The story raged for a few days. Was using computer technology to improve singing right? The argument was that it's all over the charts already. Singers from T-Pain to JLS to the kids from Glee use it, so what's the problem? But the public was having none of it. Finally Simon announced there would be no more autotune in X Factor...but the question still remains, what is it and how does it work? So lets explore the most controversial tool in the music producer's arsenal.
Setting the tone
Auto-Tune is in fact the name of a commercial software plug-in developed by Antares Audio Technology in 1997. In theory it looks for off-key notes in either vocal or instrumental tracks, and then slides these bum notes to where they ought to be. The computer science behind this is based on something with a far more interesting name, a phase vocoder.

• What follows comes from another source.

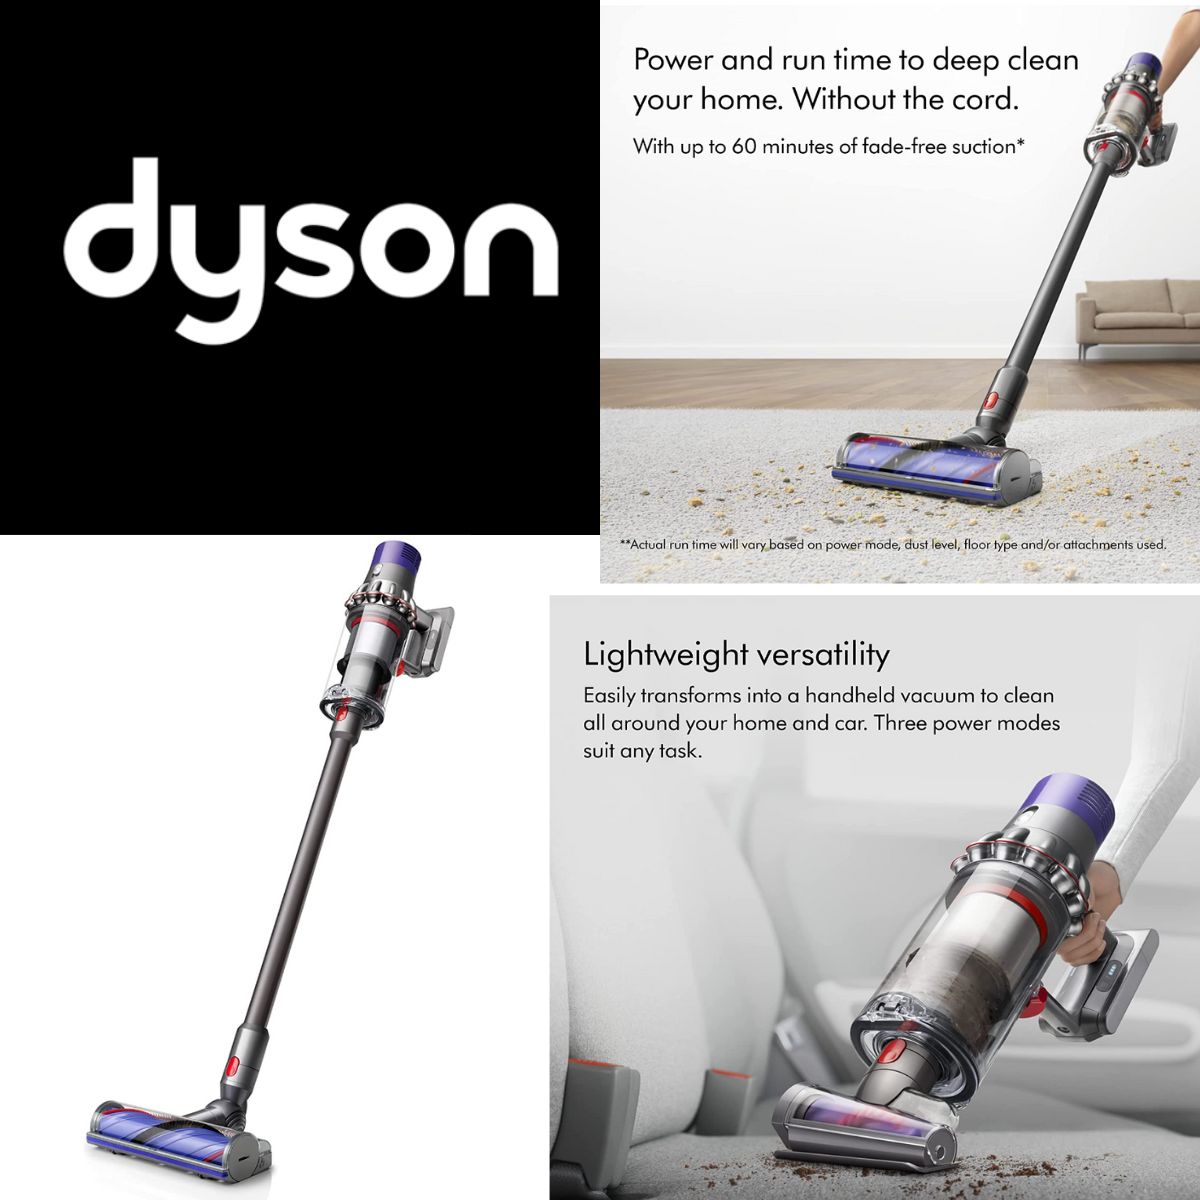 Dyson V10 Animal cordless vacuum cleaner $329.99 (Reg. $549.99) Savers

The fundamental idea of this technology is that any sound can be broken down into a sum of pure tones, much like any colour can be created by adding a mixture of red, green and blue. Sound is a pattern of air compressions, and pure tones are sounds that have a regular rhythmic repeating pattern. These air waves are defined by their repeating frequency (literally how often a new wave comes along), their amplitude (which is how strong the waves are) and a phase (when they start and finish relative to other waves).
Break it all down
You can take any sound signal, whether it's a voice or an instrument, and sample it in a computer. The microphone detects the changes in air pressure and turns them into a series of numbers that change over time. Then the cunning processing begins. You can take that bit of complex sound and break it down into its pure tones, so you know their frequency, amplitude and relative phases. So now you've got all the pure tones that make up one complex sound - let's call them A, B, and C. You could build the sound back up again, if you wanted, by adding them together: just add A + B + C and you're back to where you were.
The real X Factor
Let's stick with the bits for a moment though. Each of your pure tones, A, B and C, has a particular frequency and phase. The lowest frequency in the sample, called A here, is known as the fundamental frequency and this is what gives the sound its musical pitch. But suppose that segment of music you've processed is a bum note; it should have been a higher or lower pitch. The computer knows what the sound should have been and can change and slide the components A B and C around to make sure the mix gives the sound you wanted in the first place. So for example, you could slide A back in time with respect to B and C, shifting the relationship between the frequencies. Or, you could replace A with the new correct fundamental frequency - let's call it X. Then the computer system adds X, B and C to produce the pitch-corrected sound in almost real time.
The numbers game
Whether it's music, images or video, once information enters the digital domain it is just a pile of numbers. As such it can be manipulated, improved or faked. What we decide to do with this way to change reality is up to us. It can make the world better, be wonderfully creative or even let some people cheat. Like any technology it's the way we use it that's important.